- Dataset section:
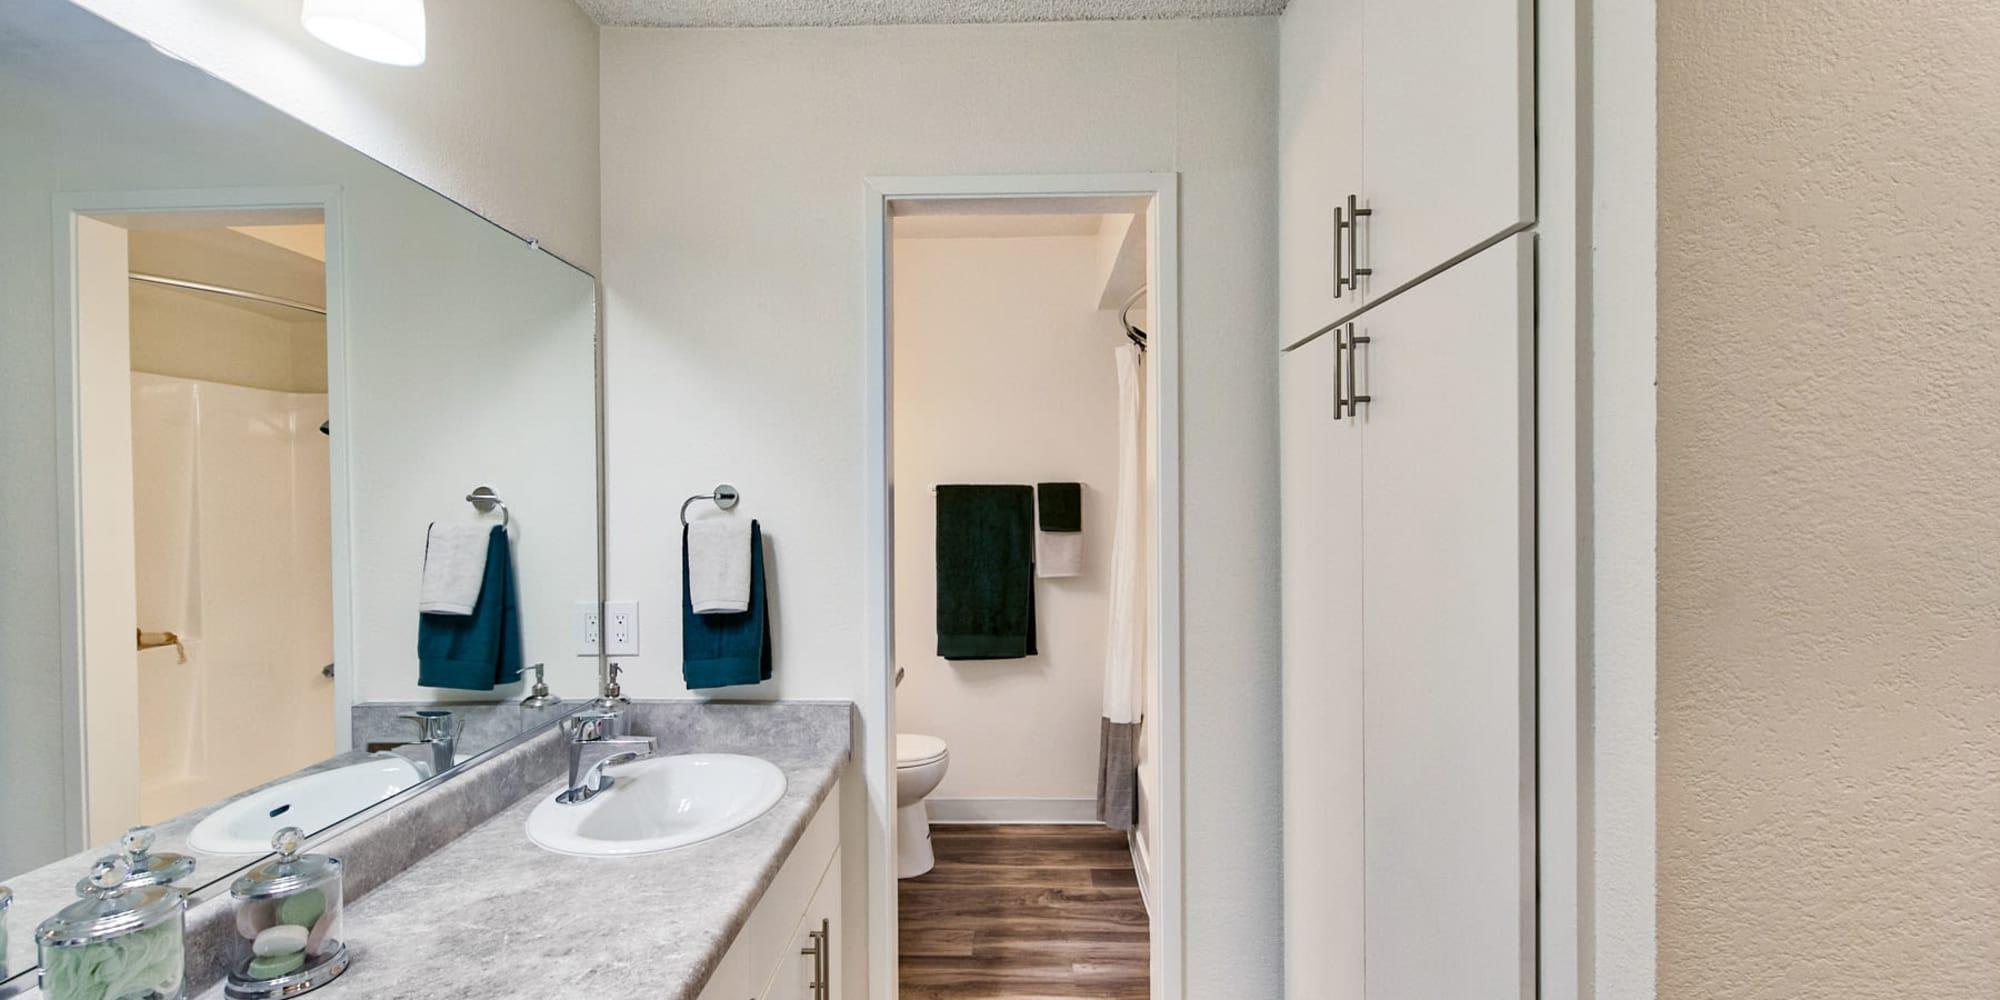 Large vanity mirror and a granite countertop in a model apartment's bathroom at Mediterranean Village Apartments in Costa Mesa, California
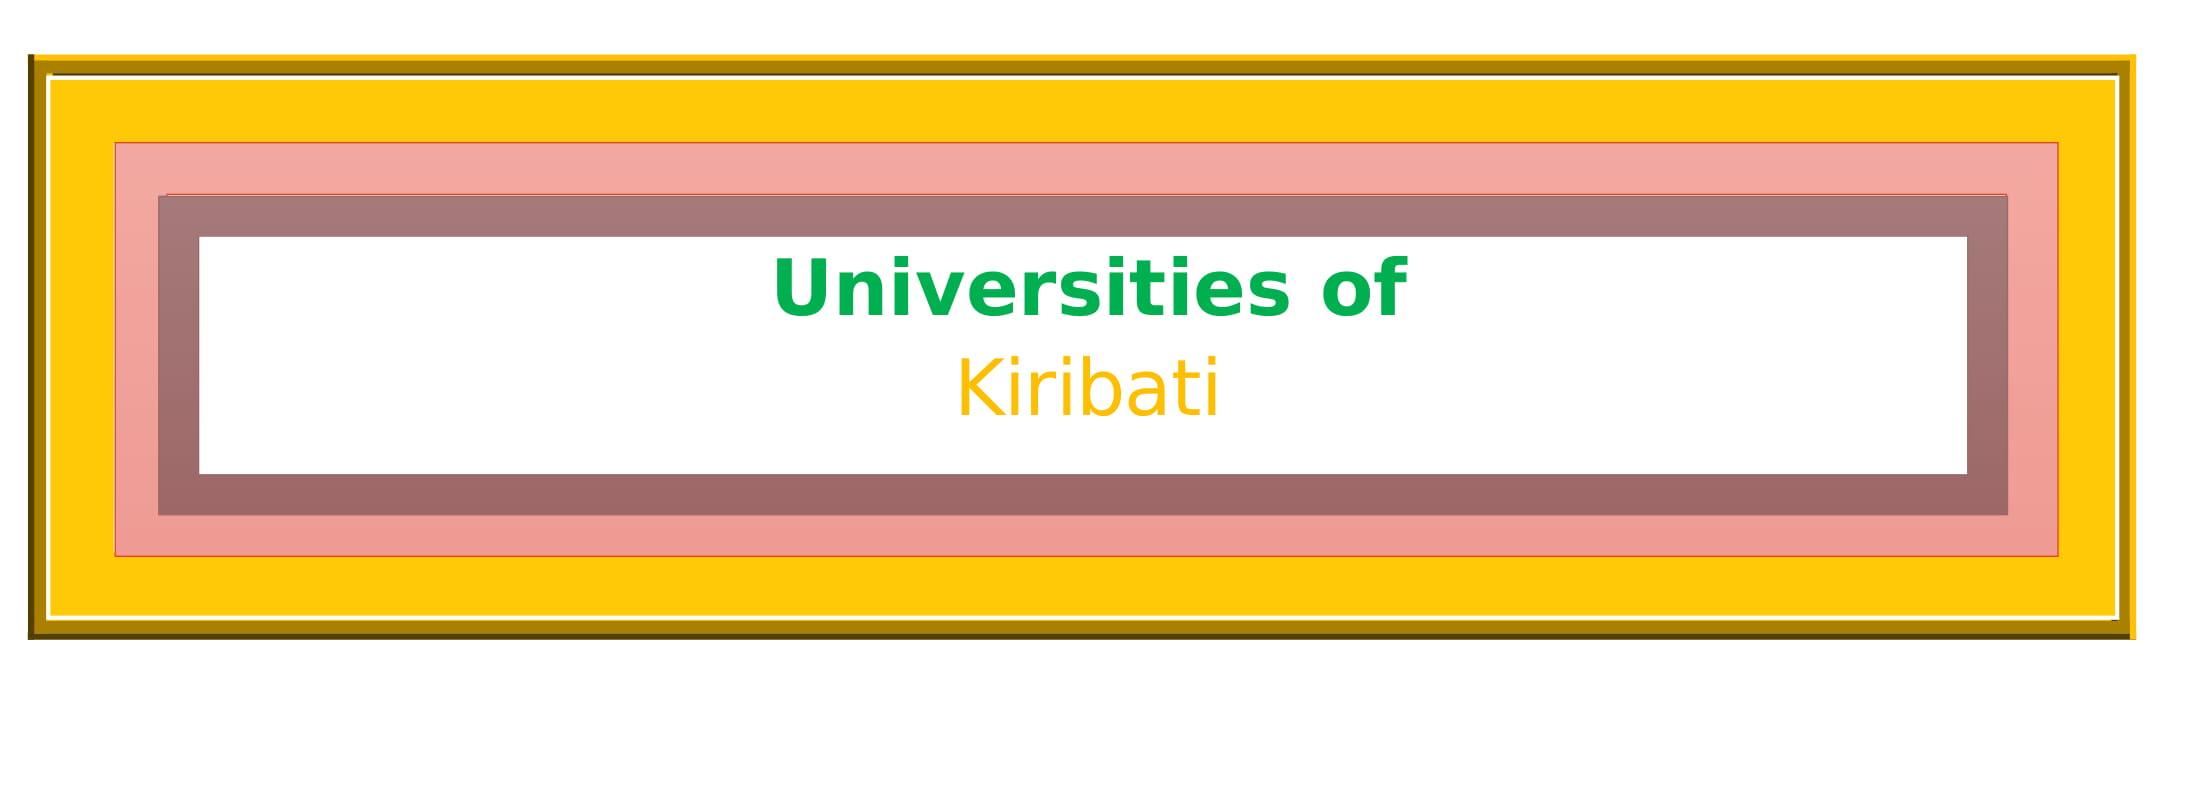 List of Universities in Kiribati
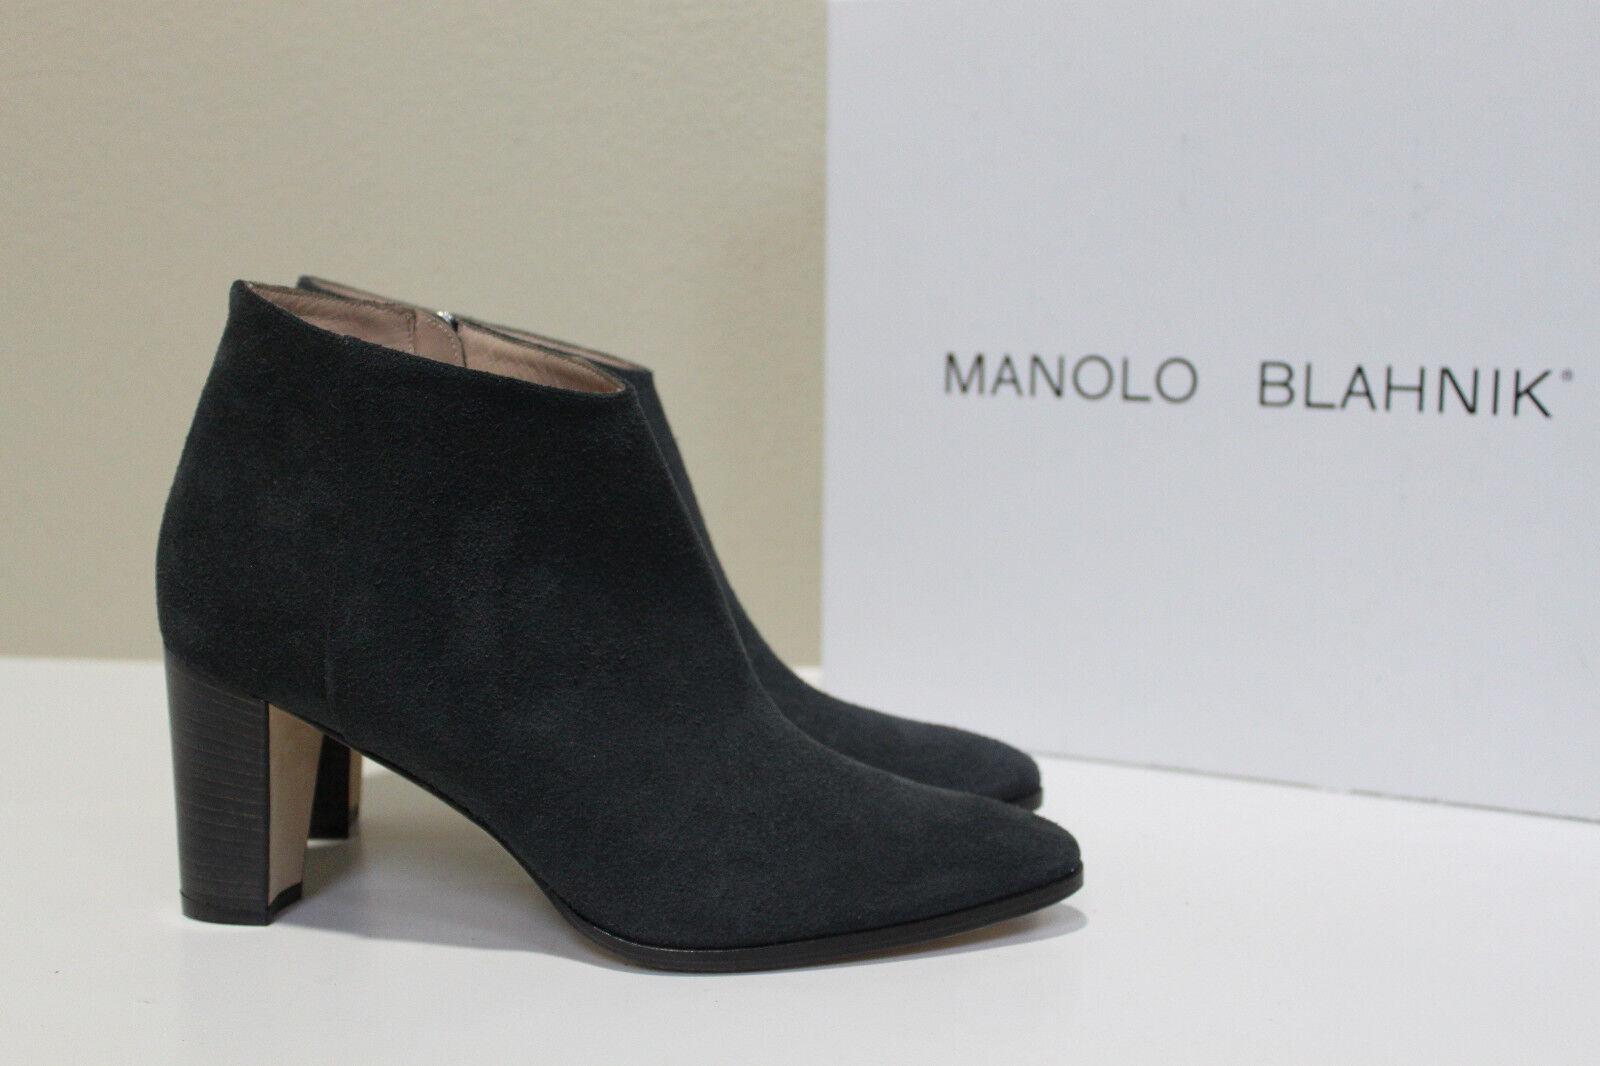 New sz 10 / 40 Manolo Blahnik Brusta Gray Suede Pointed Toe Ankle Bootie Shoe

- Task description:
Your task is to reproduce exactly the lines from the one with "List of Universities in Kiribati" to the end of the material, both included, with the pictures left out.

- Response to the task:
 List of Universities in Kiribati
 New sz 10 / 40 Manolo Blahnik Brusta Gray Suede Pointed Toe Ankle Bootie Shoe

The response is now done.